What Makes Us Hopeful?

We’re almost a week into our 365 Days of Hope campaign, and while we clearly have a long way to go still, there seem to be a few trends based on the suggestions we’ve received so far. It got me wondering – what makes us hopeful, and why?

Now of course, we’re all different and everyone has their own reasons for suggesting the photos they did. Maybe it was to feed their (and our) inner child. Maybe they love the item or activity suggested. Maybe it’s what comes to their mind when they specifically think of hope, based on their life and experiences. So far, here’s what I’ve found.

  • Flowers. There were numerous suggestions for flowers, gardens, and things of the like. Flowers and gardens make me think of growth – blooms, or buds that will soon become a bloom. They also make me think of warmer weather, and along with it, sunshine. Anyone who’s struggled with SAD can attest to how warm weather, longer days, and sunshine can feel hopeful.

 

  • Nature. Nature has a way of taking us briefly, out of that finite moment, and helps us soak in the broader aspects of life. It refreshes and rejuvenates me. Which offers hope.

 

  • Childhood fun . From rolling down hills to swinging on swing sets to indulging in treats of our youth, kid-like fun is well represented on our list.  My guess is that childhood makes many of us think of a simpler time – without mortgages and busy work schedules and just general responsibility. It was probably the last time many of us felt carefree, or as close to it as we can come. I also had numerous requests from places and items from my childhood, which I think bring up the same feelings.

 

  • Family. There were a lot of suggestions based on doing things with family and close friends. To me, this highlights our support systems, which can help us keep hope, or in some instances have hope for us, even when we struggle with it ourselves.

 

  • The beach. Let me caveat here that we’re based in the Philadelphia area, with the beach about an hour away. If I lived further inland, it may not be the case. Again, though, I think the beach, and everything surrounding it, reminds people of childhood, family, and vacation (aka a feeling of freedom), all of which, can represent hope.

 

  • Pre-technology/pre-internet times. This one is incredibly interesting. There were numerous suggestions for things like reading an actual newspaper, writing in a journal (not a blog), reading a book (not on an app or kindle), mailing a letter in a mailbox, turning off all electronics. Perhaps it’s that, like some of the above, this seems to transport us to a “simpler” time. Maybe it’s that the constant barrage of posts, alerts, emails, and the like make us feel overwhelmed, and pausing from them helps alleviate that.

 

  • Doing for others. We have suggestions such as donating to charity and to the food bank, saying hello to a stranger, complimenting someone. These truly hit home. I think many of us feel best when helping others. Whether it’s listening to a friend in need, to a random act of kindness, to just being friendly and interacting with those we’d normally pass by staring straight ahead, there’s a feeling of purpose when we feel we’re positively affecting another human, or even animal.

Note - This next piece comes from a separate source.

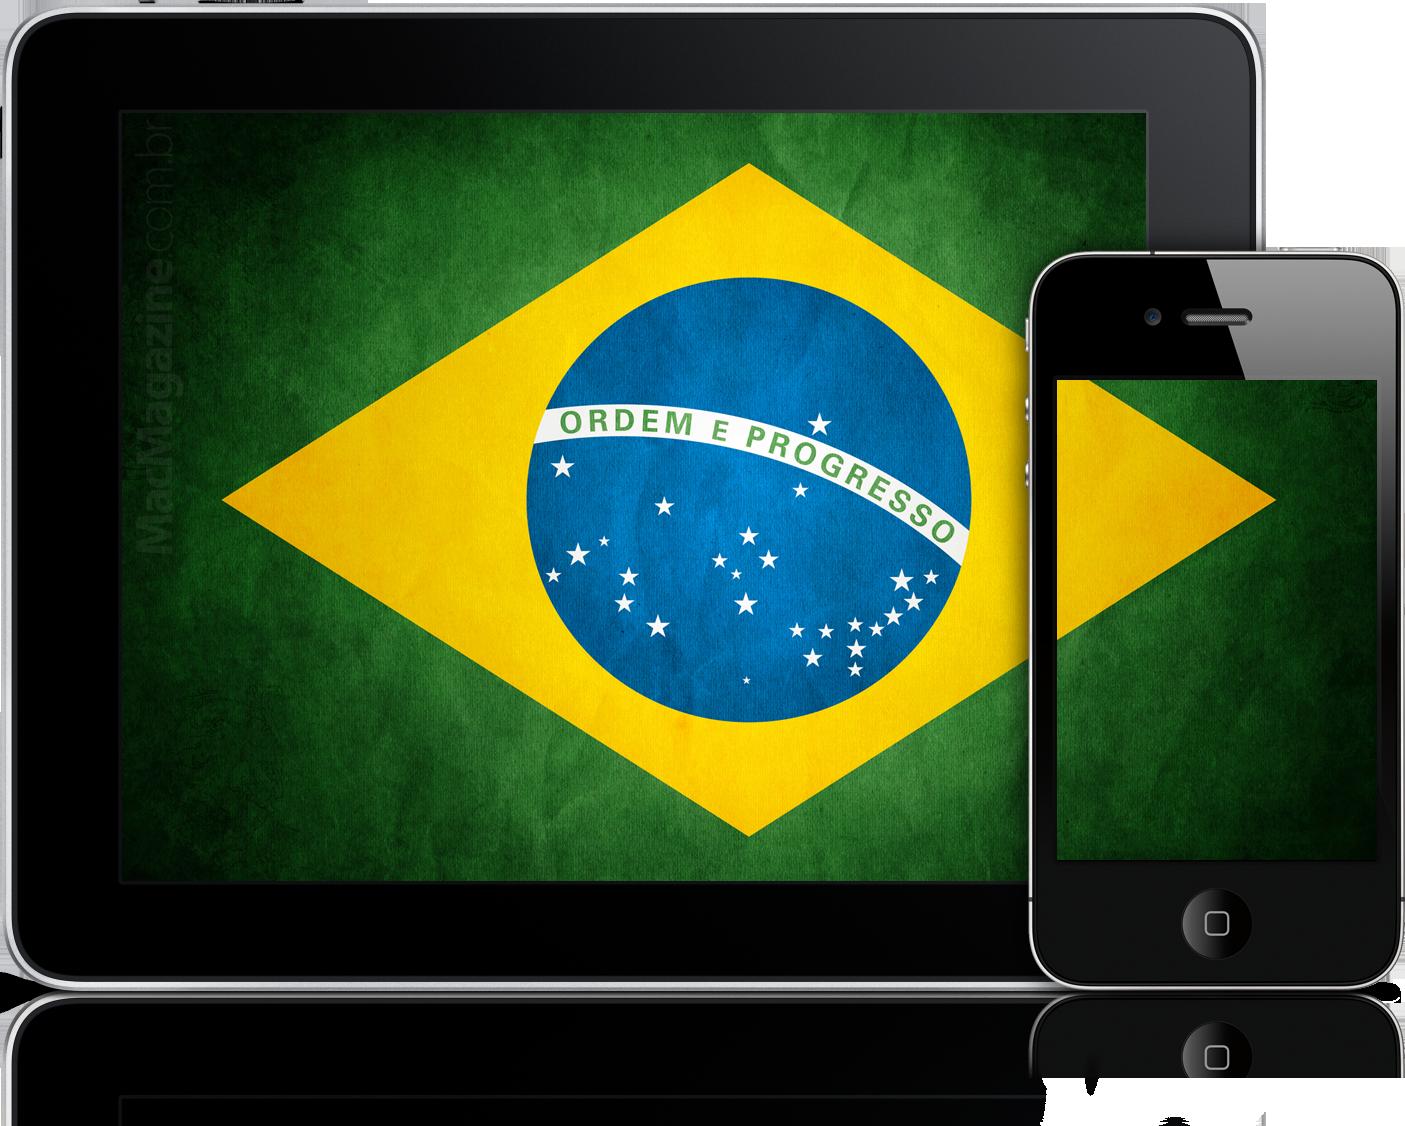 iPad e iPhone 4 com a bandeira do Brasil

There were plenty of other suggestions that fall outside of, or in between, these trends. Still, these were rather revealing. As adults, we often feel overwhelmed. We’re in a constant routine of work and life and bills, spending our days with electronics and modern technology constantly at us. We have to always be “on”. If we’re battling a mental health condition or chronic illness, we add to that the anxiety or depression or pain or physical difficulties or exhaustion (and so much else) that come with these. And because of this, feeling loved and safe with our support systems, being reminded of times when things were simpler, where our goal seemed to be to have fun and enjoy life to the fullest, and where hope was as easy as saying hi to someone we didn’t know. Of course, there are exceptions as there are to everything. But these suggestions, and the fun we’re having doing these activities and taking these photos, are a valuable lesson. It’s possible to find hope in the tiniest thing, the smallest moment. And they give me something to go back to when my illness is rearing it’s head (literally, in my case), and I feel so hopeless. Perhaps I can look at these photos, remember these moments, and be reminded of that there is hope, after all.